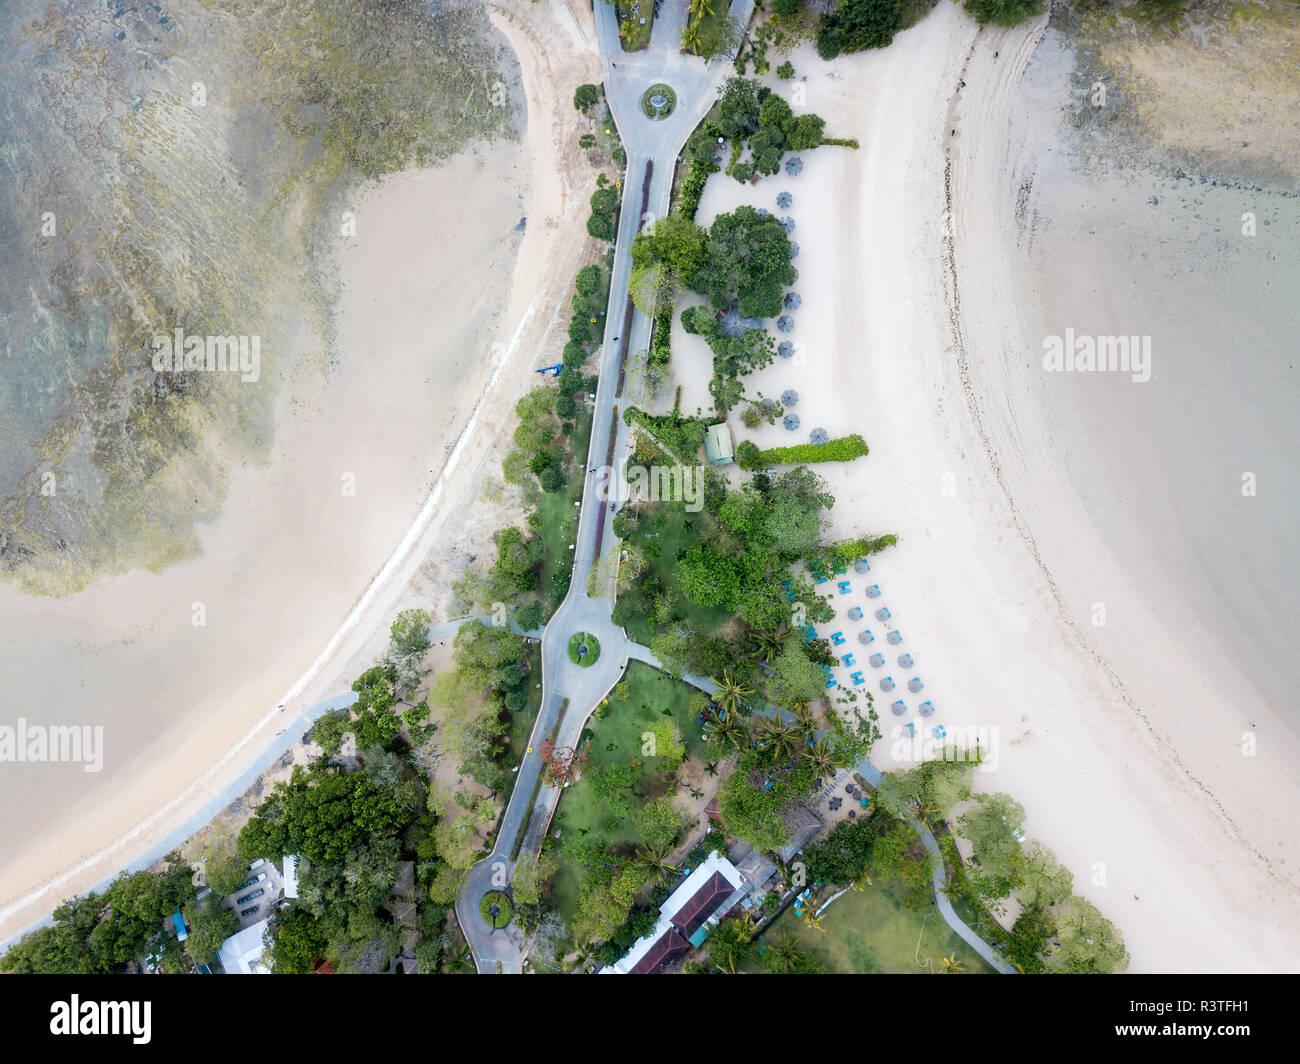 Indonesia, Bali, Aerial view of Nusa Dua beach, road - Stock Image
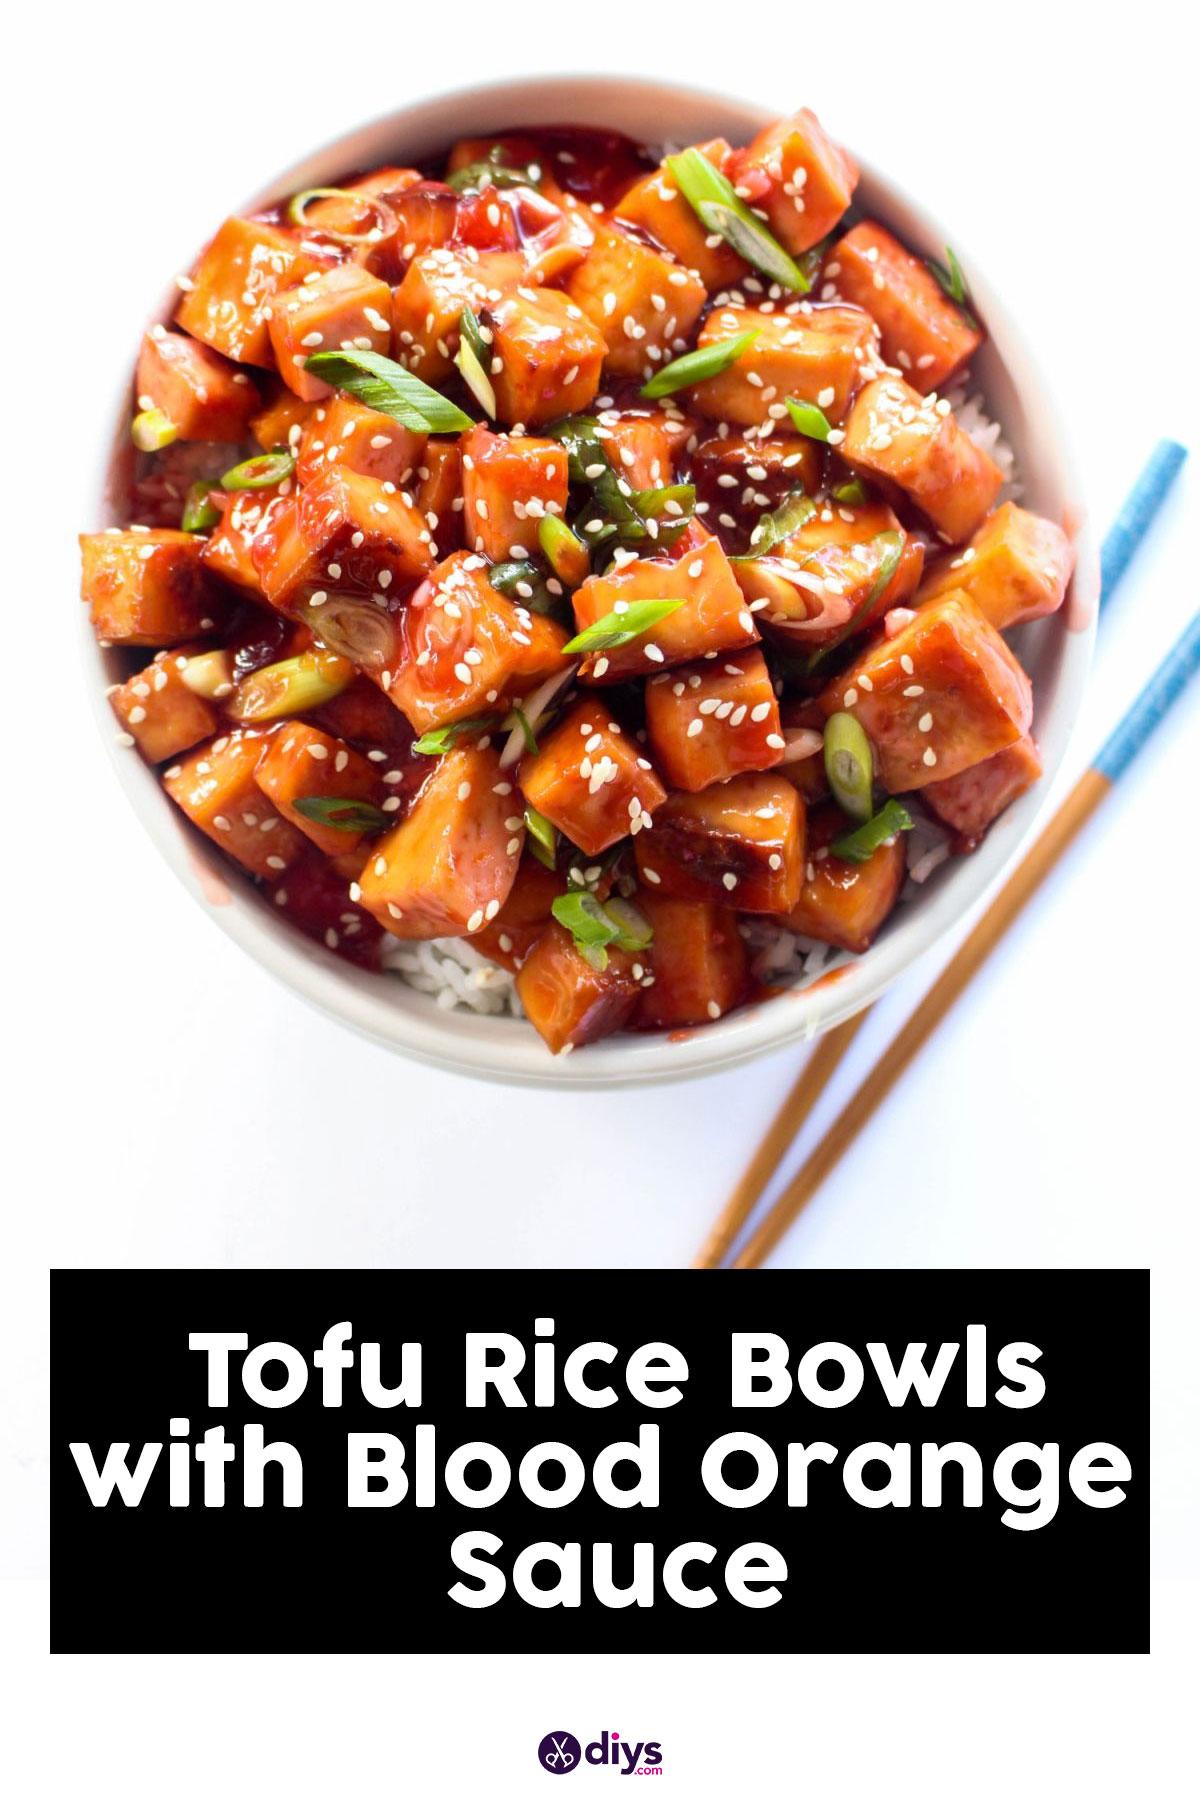 Tofu rice bowls
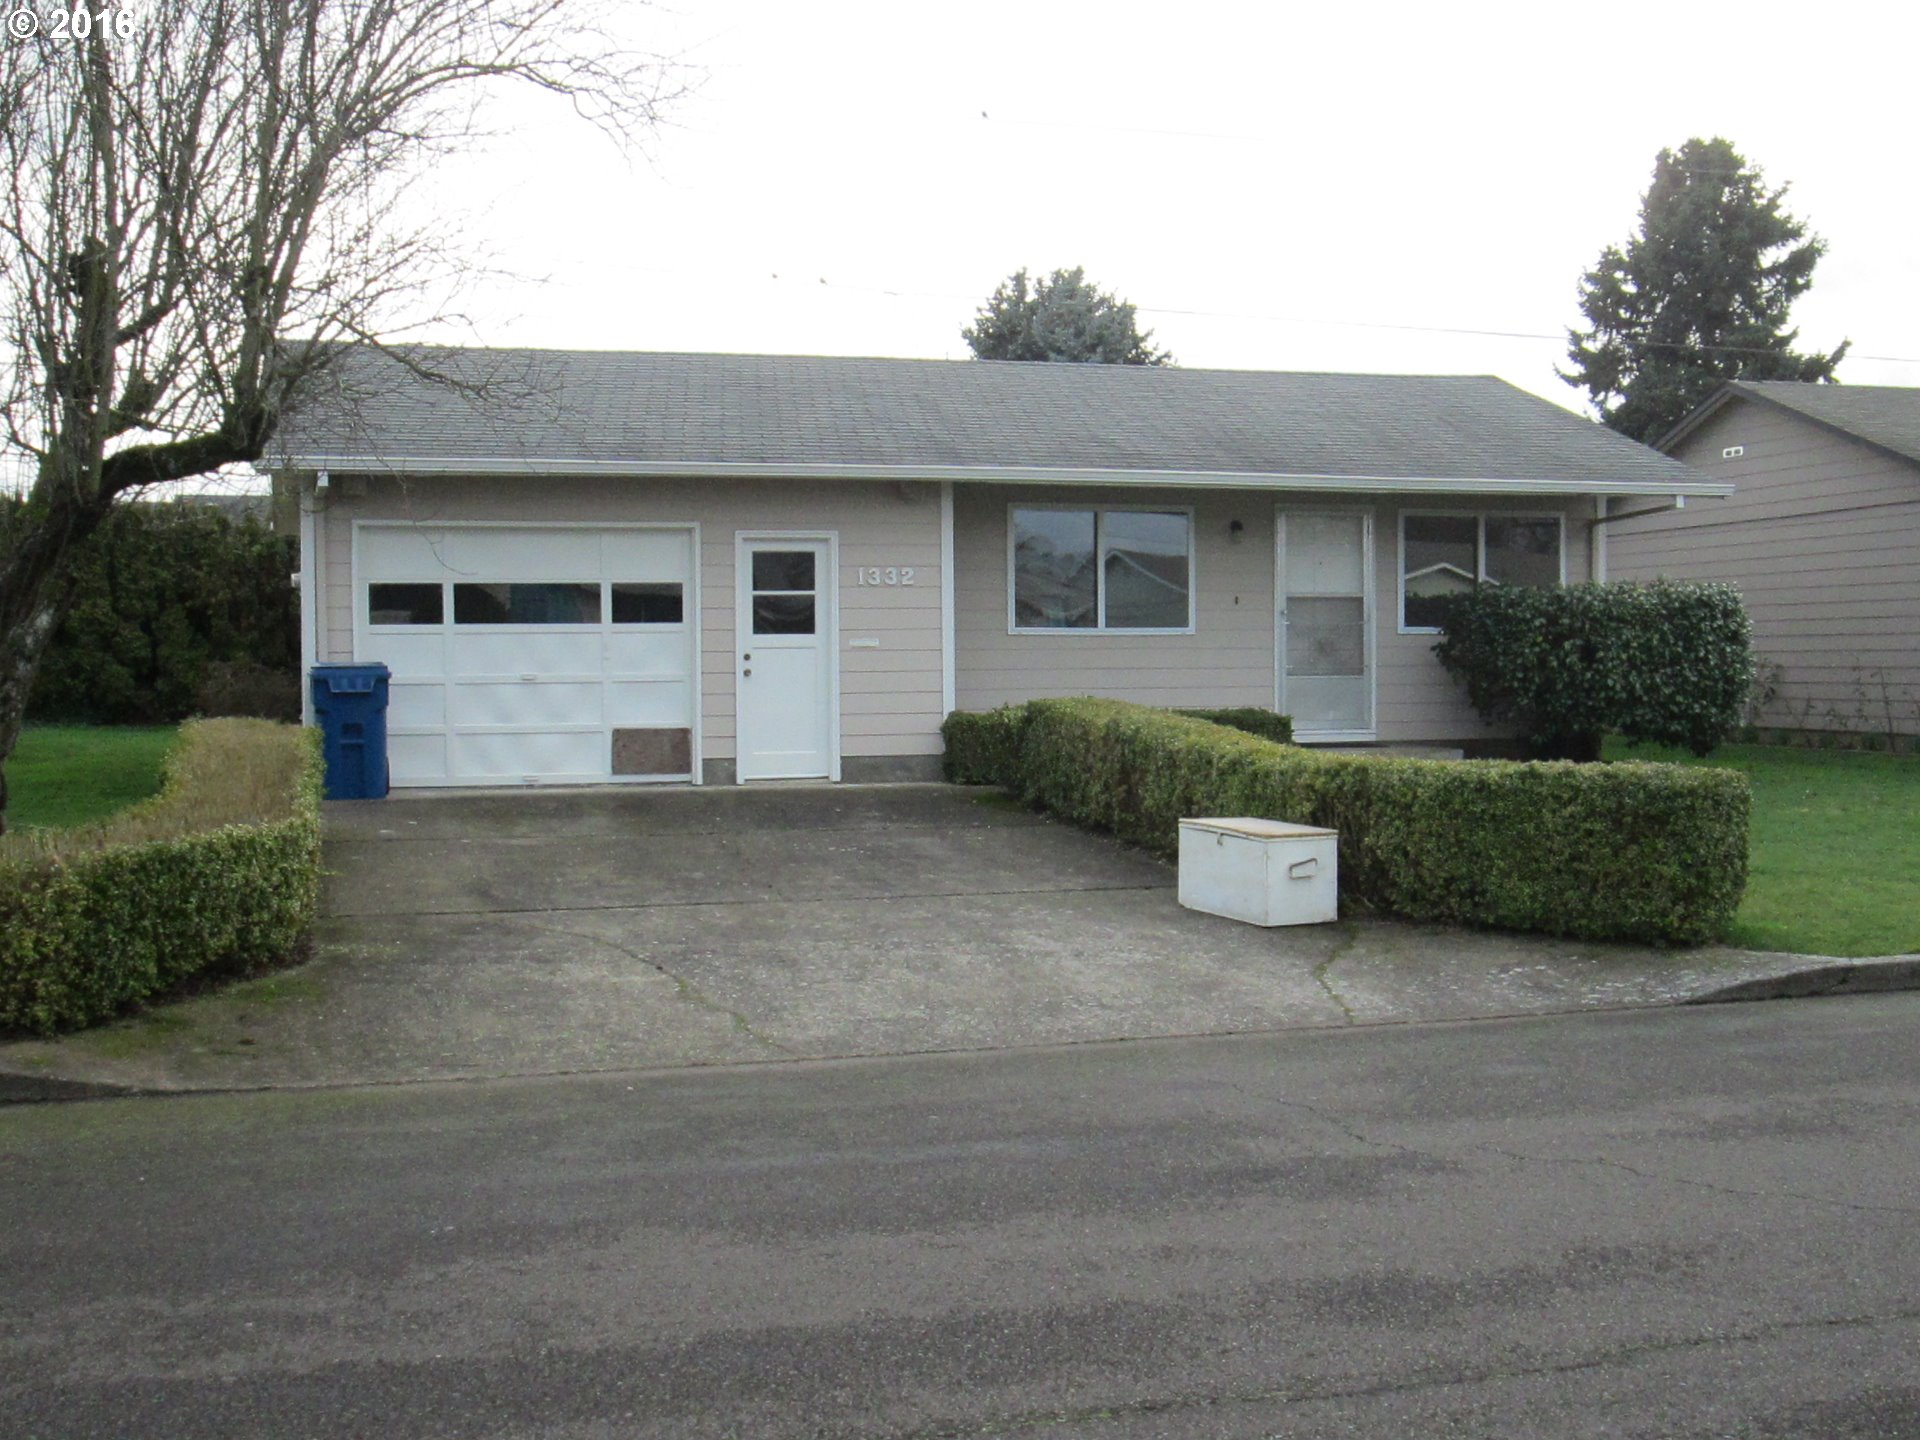 1332 Thompson Rd, Woodburn, OR

━━━

Problem statement:
A faithful, picture-free copy of the material is what this task asks for.

Solution to this exercise:
 Indonesia, Bali, Aerial view of Nusa Dua beach, road - Stock Image
 Tofu rice bowls
 1332 Thompson Rd, Woodburn, OR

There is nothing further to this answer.